1. A. Agnes Lydia and , F. Sagayaraj Francis, Adagrad - An Optimizer for Stochastic Gradient Descent, Department of Computer Science and Engineering, Pondicherry Engineering College, May 2019.
2. Tijmen Tieleman and Geoffrey Hinton. Lecture 6.5-rmsprop: Divide the gradient by a running average of its recent magnitude. COURSERA: neural networks for machine learning, 4(2):26–31, 2012.
3. John Pomerat, Aviv Segev, and Rituparna Datta, On Neural Network Activation Functions and Optimizers in Relation to Polynomial Regression, 2019 IEEE International Conference on Big Data (Big Data).
4. Zijun Zhang, Improved Adam Optimizer for Deep Neural Networks, ©2018 IEEE.
5. Wendyam Eric Lionel Ilboudo, Taisuke Kobayashi, Kenji Sugimoto, TAdam: A Robust Stochastic Gradient Optimizer, [cs.LG] 3 Mar 2020.
6. Diederik P. Kingma, Jimmy Lei Ba, Adam: A Method For Stochastic Optimization, Published as a conference paper at ICLR 2015.
7. AATILA Mustapha, LACHGAR Mohamed and KARTIT Ali, Comparative study of optimization techniques in deep learning: Application in the ophthalmology field, The International Conference on Mathematics & Data Science (ICMDS) 2020.

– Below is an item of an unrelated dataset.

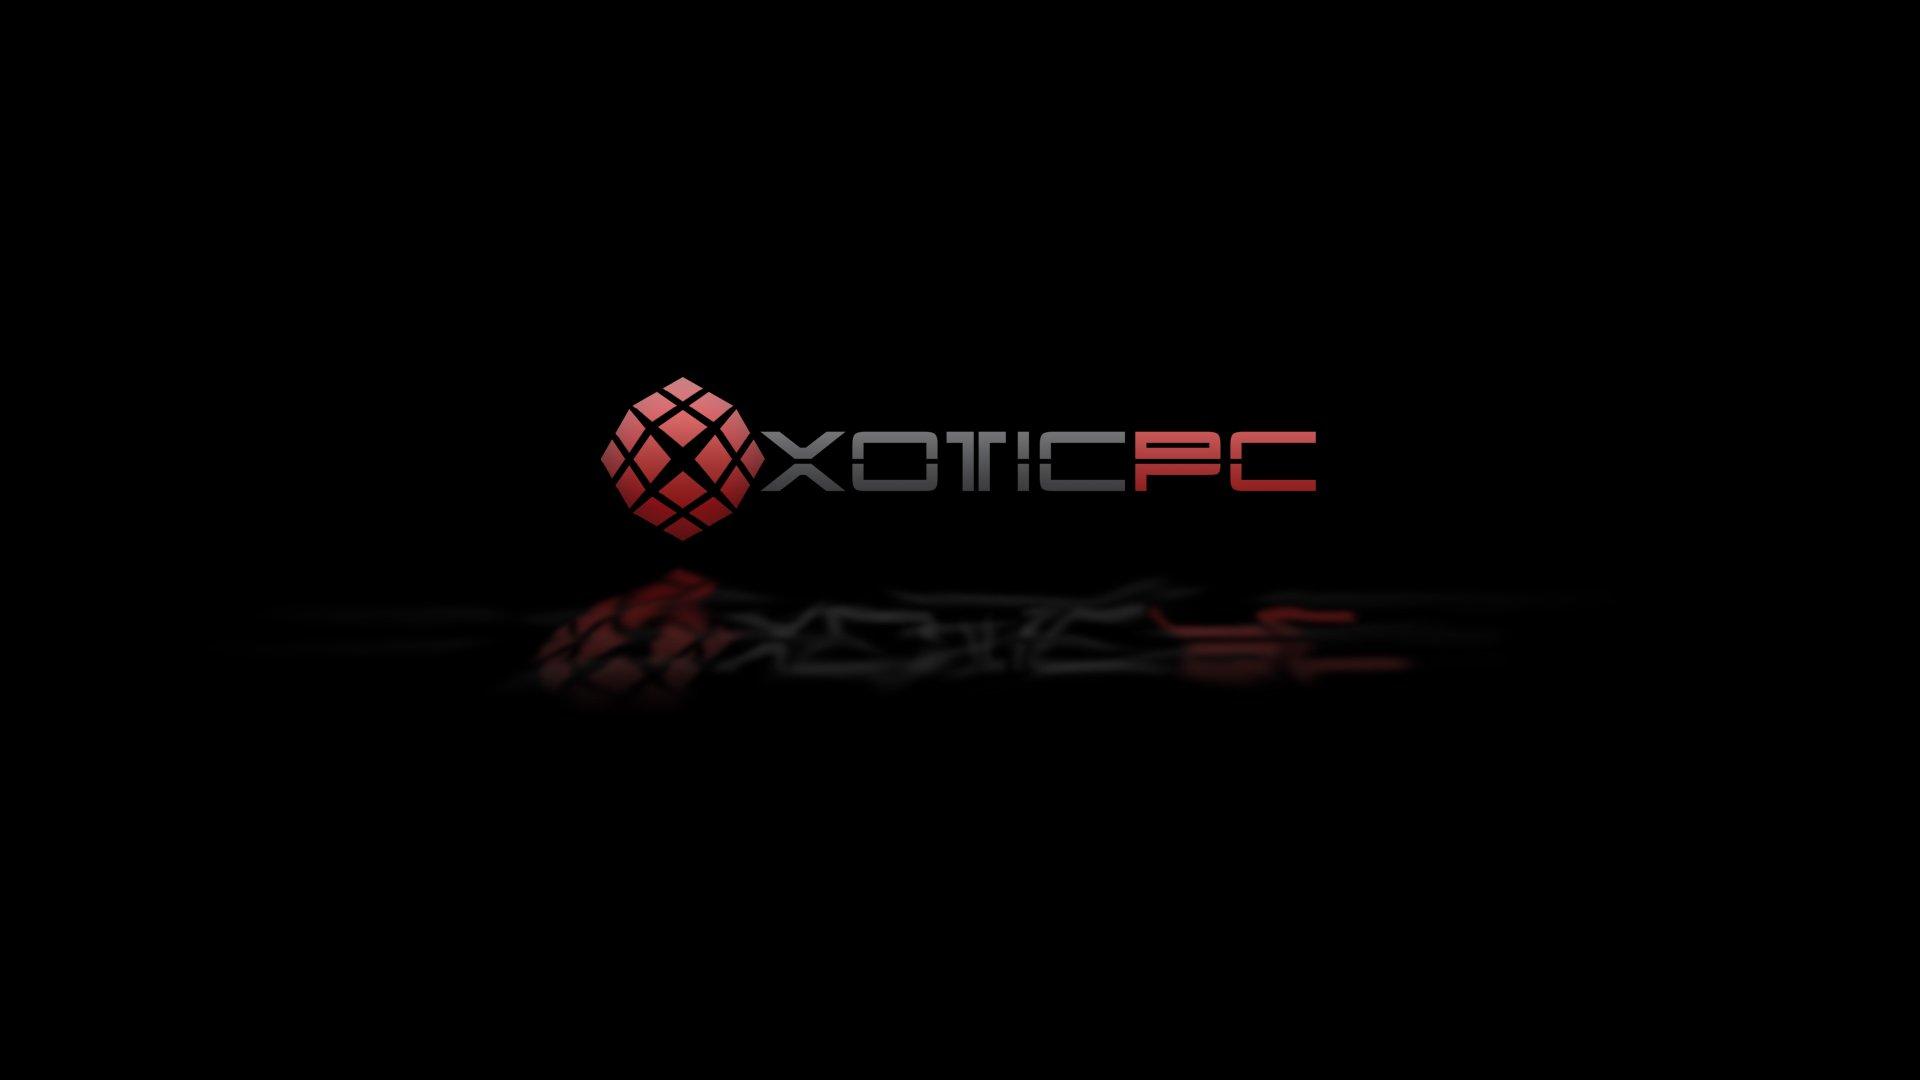 XOTIC PC Custom Wallpapers Downloads 1920x1080

8. Duchi, J., Hazan, E., & Singer, Y. (2011). Adaptive subgradient methods for online learning and stochastic optimization. Journal of machine learning research.
9. Ameer Hamza Khan, Xinwei Cao, Shuai Li, Vasilios N. Katsikis, and Liefa Liao, Bas-Adam: An Adam Based Approach to Improve the Performance of Beetle Antennae Search Optimizer, IEEE/CAA JOURNAL OF AUTOMATICA SINICA, VOL. 7, NO. 2, MARCH 2020.